Sobre ágio, agiota e agiotagem (primeira parte)

Des. Ricardo Dip

 Diz Antônio Geraldo da Cunha, no autorizado Dicionário etimológico Nova Fronteira, que o vernáculo «ágio» provém do italiano decimonônico aggio (i.e., o acrescentado), noticiando ainda a sucessiva palavra francesa agiotage. Aponta o autor a acepção original de aggio como «a diferença entre o valor nominal e o valor real da moeda». Essa acepção pode tomar-se à conta de prius analógico do termo «ágio», que foi acolhendo vários sentidos, sempre de algum modo referíveis a uma diferença valorativa de caráter econômico: «ágio» também significa «desconto», «bonificação», «comissão» e «juros». Do mesmo vocábulo «ágio» derivam as palavras «agiota» (especulador, usuário) e «agiotagem» (abusiva especulação financeira, mormente a monetária).

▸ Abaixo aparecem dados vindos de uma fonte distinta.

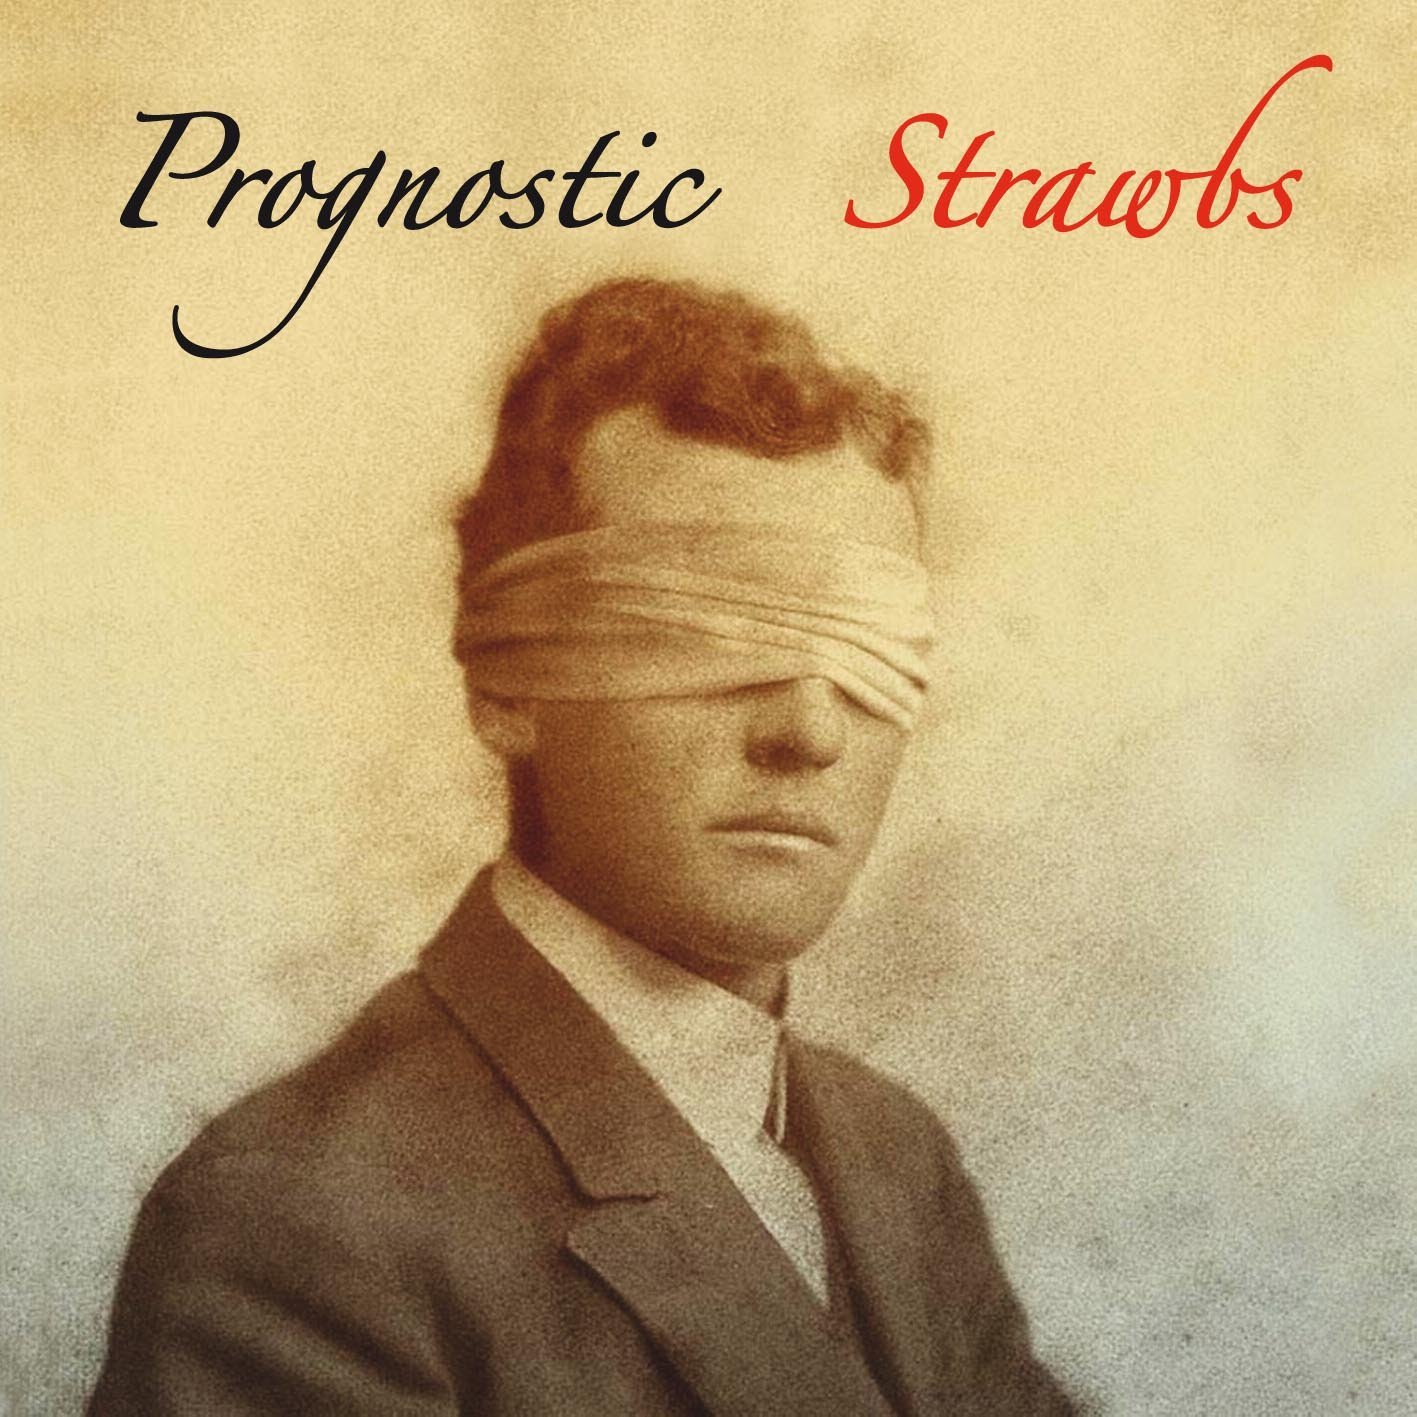 Strawbs - Prognostic - CD
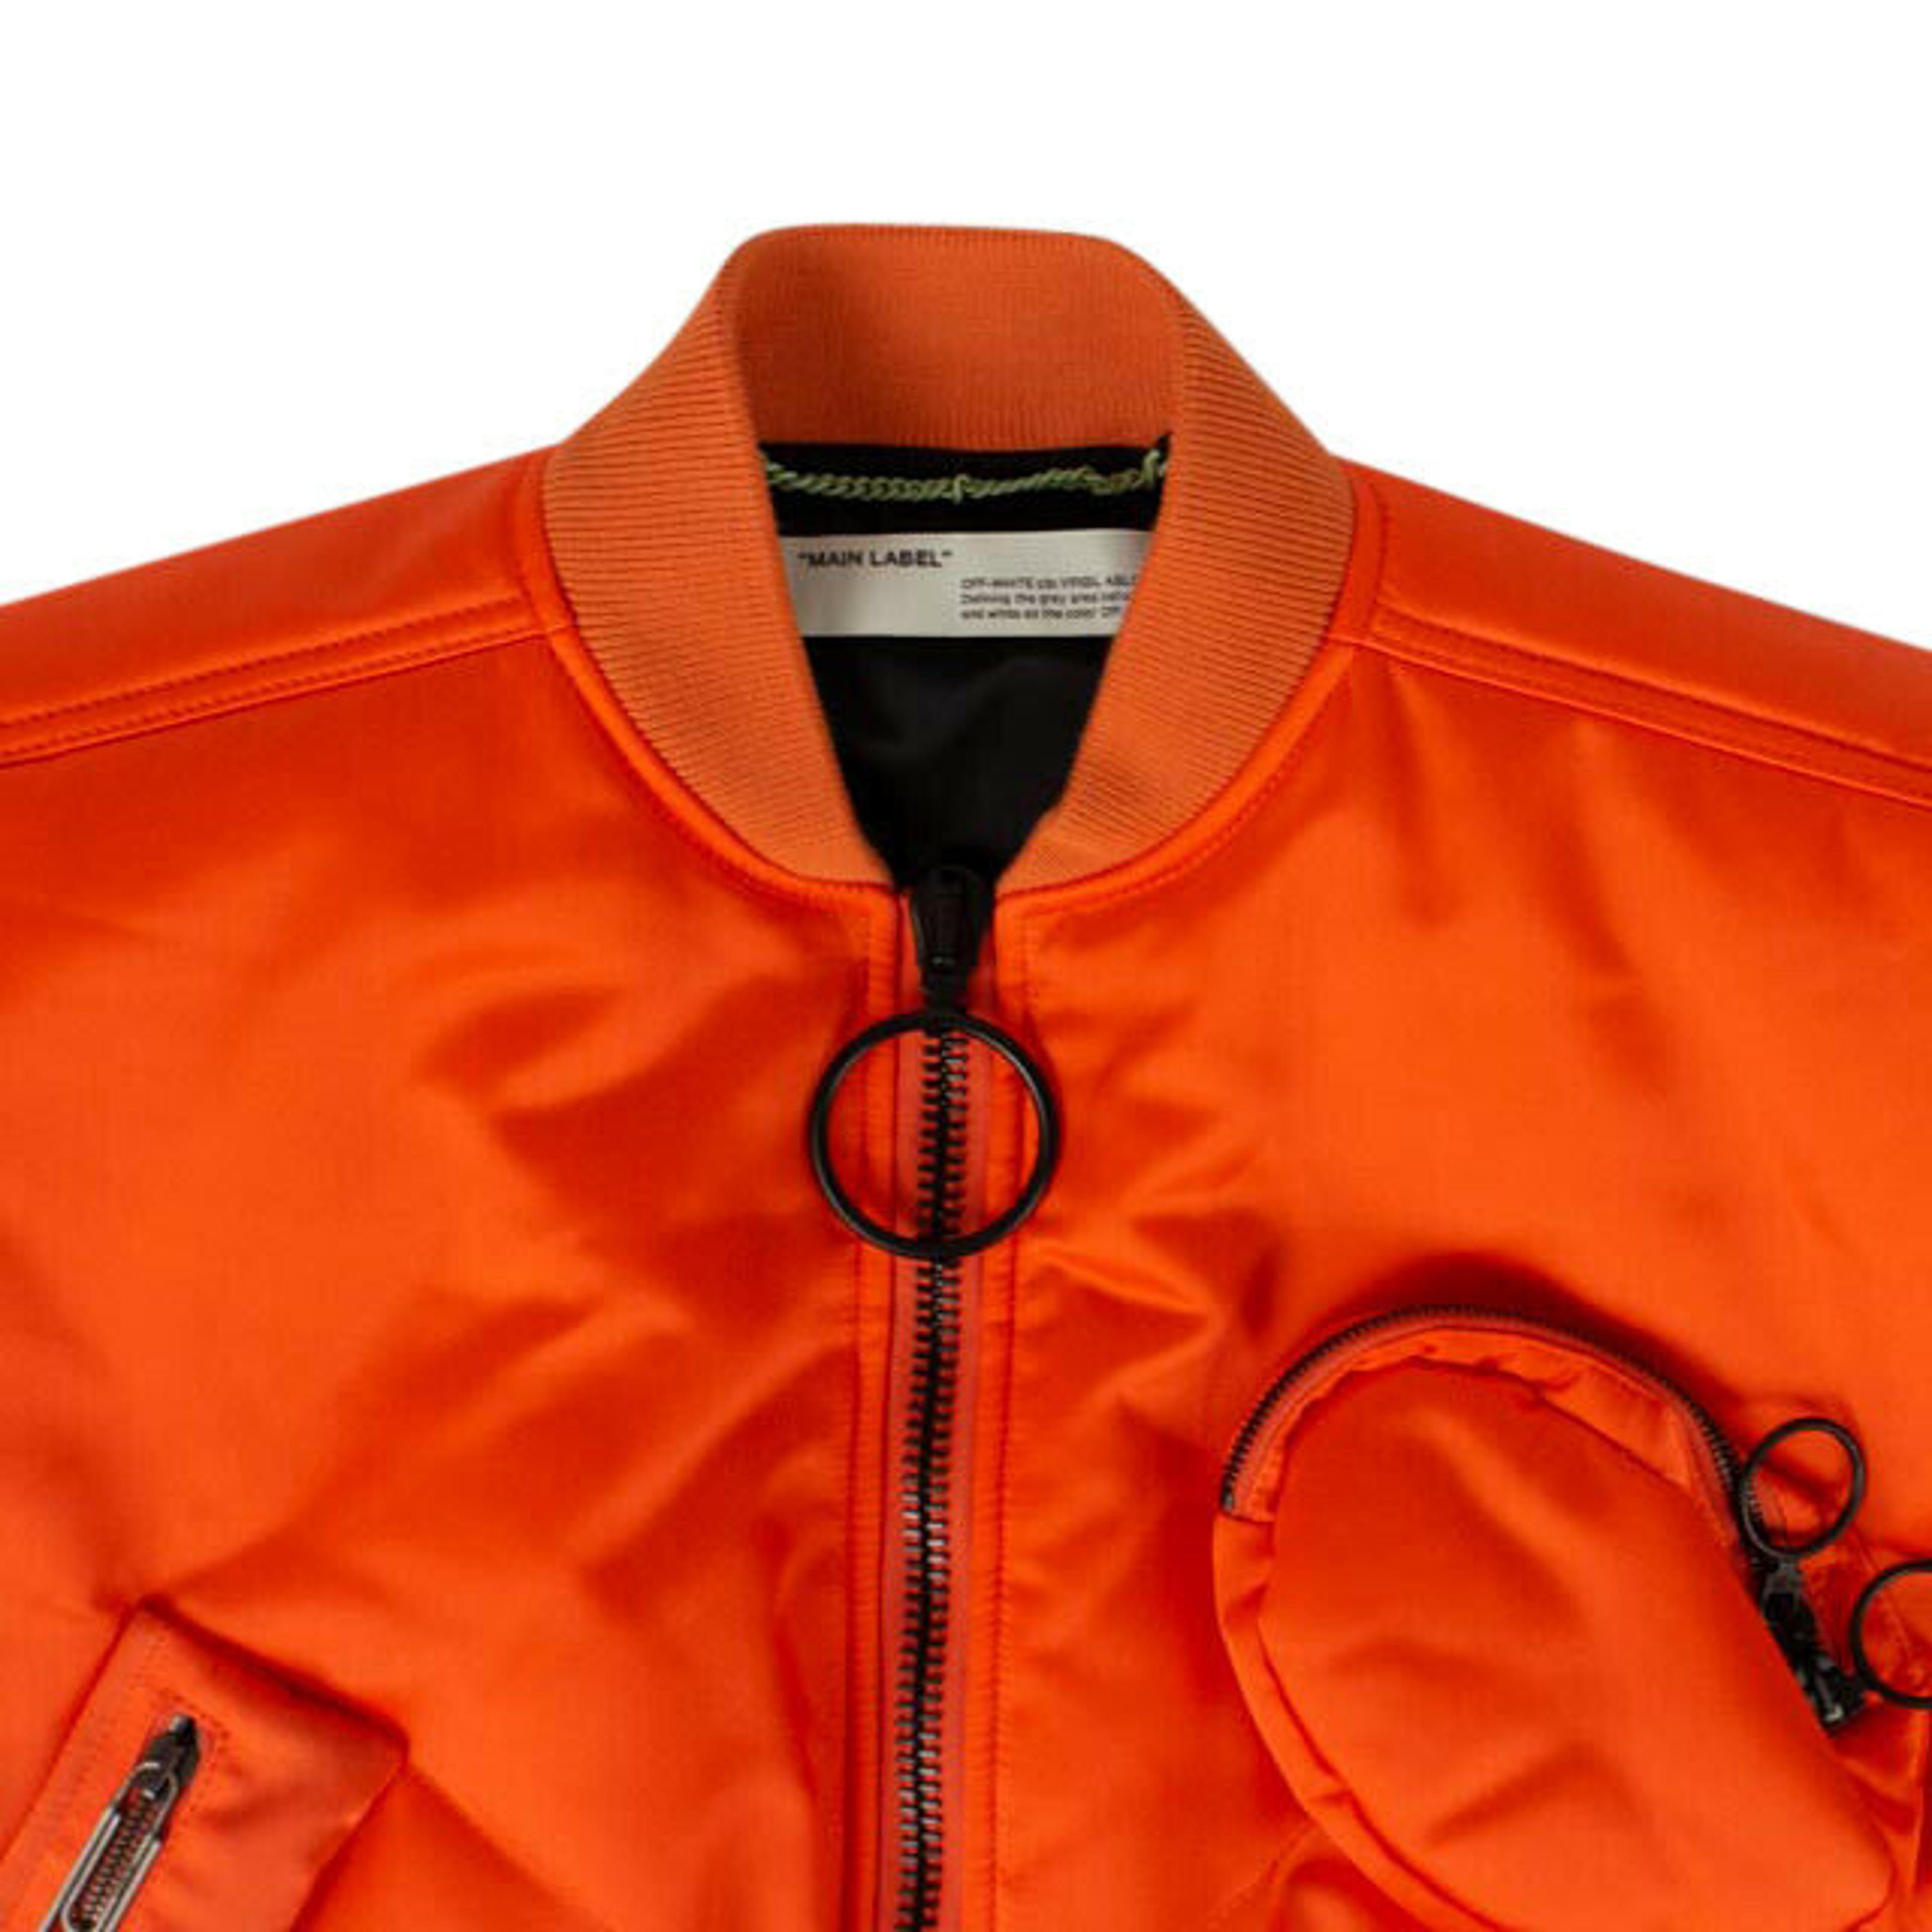 Alternate View 2 of Cropped Arrows Vest Jacket - Orange

Nosso Código civil de 1916 aludiu ao ágio no § 3º de seu art. 947, dispositivo que não se reproduziu no Código civil de 2002. Lia-se ali: «Quando o devedor incorrer em mora e o ágio tiver variado entre a data do vencimento e a do pagamento, o credor pode optar por um deles, não se havendo estipulado câmbio fixo».

Trataremos aqui, de modo pontual e com a brevidade exigível, do «ágio» com o sentido de especulação ou cobrança de juros «em toda natureza de empréstimos feitos por banqueiros, ou particulares» (De Plácido e Silva).

Comecemos com uma grave advertência e, depois, para atenuar a gravidade do aviso, consintamos numa rápida visita literária.

Leio a advertência que nos lançou o grande pensador argentino, Pe. Julio Menvielle: «A questão da usura é a questão da vida terrestre. Depois do assunto da salvação, não há assunto maior na universalidade dos interesses humanos».

E agora, frequentemos aas páginas de Crime e castigo, de Fiódor Dostoiésvki, obra escrita entre 1865 e 1866, publicada em 1867. Sua personagem principal, Rodion Românovitch Raskólnikov, um estudante de direito que vivia num quarto mais parecido a um armário, mata, com deliberação e a machadadas, uma velha usurária (Aliona Ivânova) e sua irmã (Lisaveta Ivânova).

A agiotagem −ou, em outros termos, a usura− é um acontecimento econômico e não pode deixar, de algum modo que seja, de influir-se da política econômica em geral, é dizer, da política adotada, segundo variadas circunstâncias, acerca da adaptação dos recursos materiais às necessidades dos homens. Vem a propósito o que assinalaram Francisco Contreras e Diego Poole: outrora, o empréstimo visava, principalmente, ao consumo próprio, ao passo em que, nestes tempos, empresta-se, de modo muito frequente, para inverter em atividade produtiva (Nueva izquierda y cristianismo).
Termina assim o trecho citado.